When should I get started with Independent Study or Community Practicum?
If you plan on attending graduate school, typically you submit your applications in the fall semester of your senior year. This means that you should consider starting an Independent Study or practicum in the fall semester of your junior year, meaning you need to sign up during the last semester of your sophomore year. This will give you enough time to gain lots of valuable experience and if you do a good job your faculty mentor can write a letter of recommendation for you. If you want to start earlier, feel free to do so as long as you meet the proper requirements.
Do I have to work in the same lab every time I do an Independent Study?
No, but it would be in your best interest to stay in a lab for more than one semester. This will give you an opportunity to fully learn the fine points of that particular discipline. Also, assuming you do a good job, this will be a way to get a great letter of recommendation. In fact, some professors will only accept students who commit to two semesters in their lab. However, if you started early enough you could work in several labs before you graduated and of course, if you find you are no longer interested in that research you can switch to another lab for the next semester.
What can I do to present my research?
There are multiple opportunities to present research that you have helped to conduct. Within the psychology department every spring we have the Undergraduate Research Showcase. Students can either present posters or give talks to other psychology students and faculty. On a university wide level you can present at the annual Discovery Day held each spring. Here you compete against students of other disciplines for best talk or poster. Psychology students always do an amazing job and have won many awards. Click this Discovery Day link to see a list of the psychology students who have won awards during the last three years.

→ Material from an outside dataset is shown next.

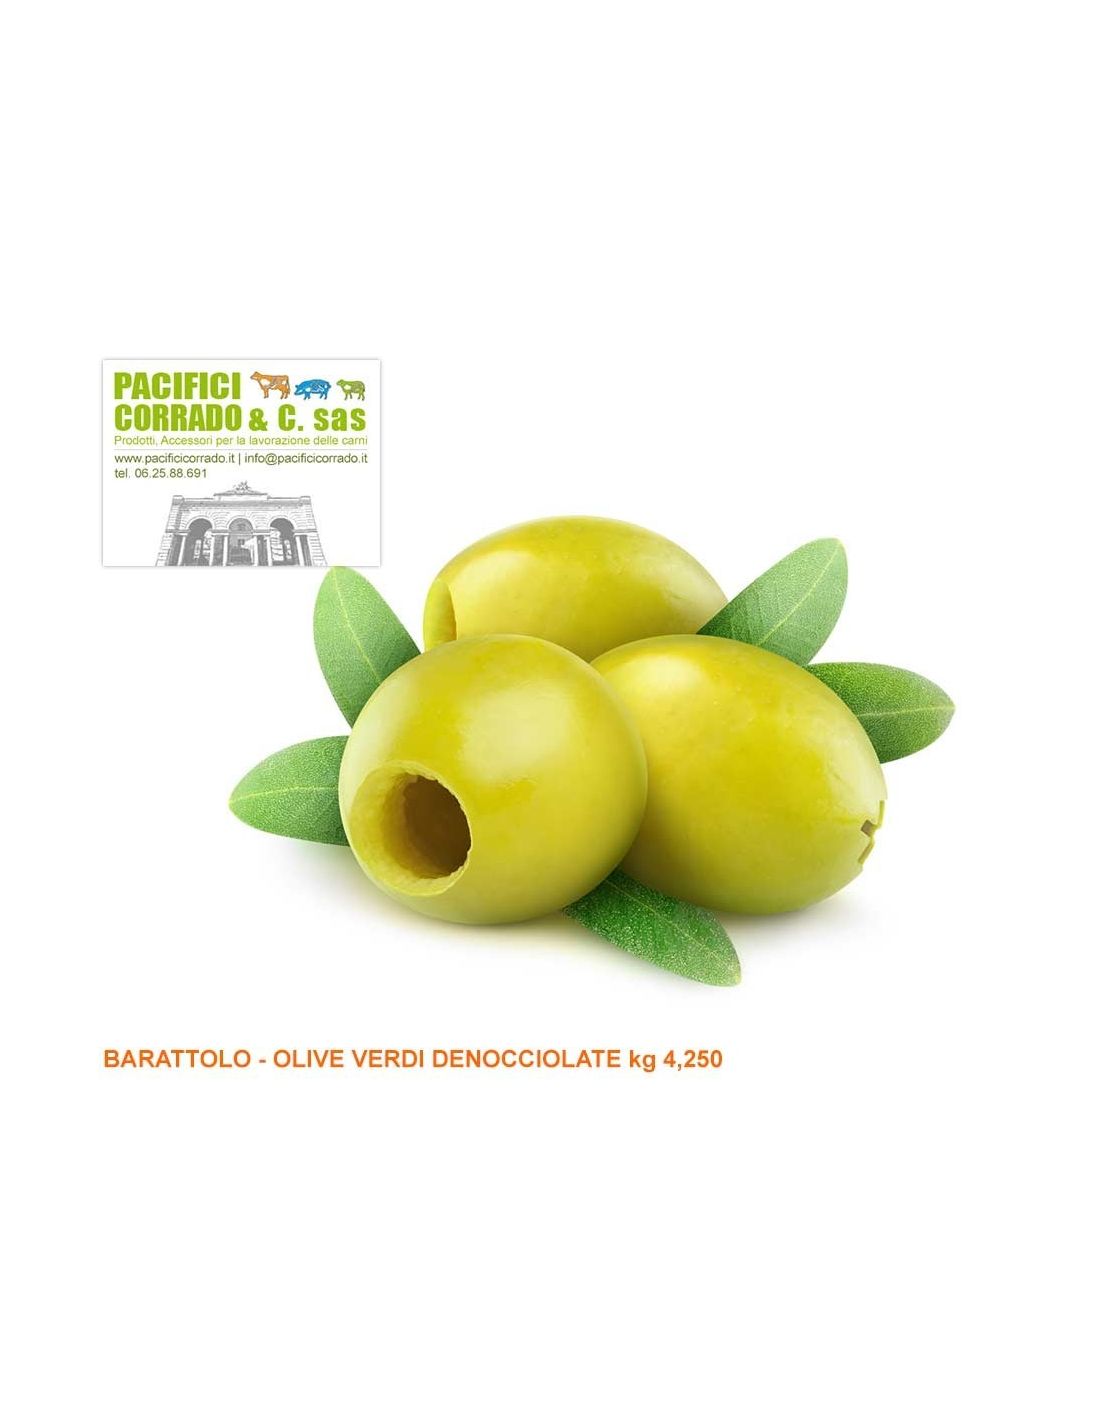 Olive verdi denocciolate kg 4,250

This is your chance to really stand out and be appreciated as a top student at USC! In addition, you can even present your research at larger regional conferences such as Southeastern Psychological Association or national conferences such as American Psychological Association! Of course, presenting your research in any of these venues would look great on your job or graduate school application!
For those interested in neuroscience you can submit your research for publication in Impulse, an online journal specifically for undergraduates. The journal itself is run by undergraduates and in fact the current editor-in-chief is a psychology student here at USC! Likewise you can attend the Synapse conference where you can meet other undergraduates interested in neuroscience and receive feedback of your work by prominent researchers in the field.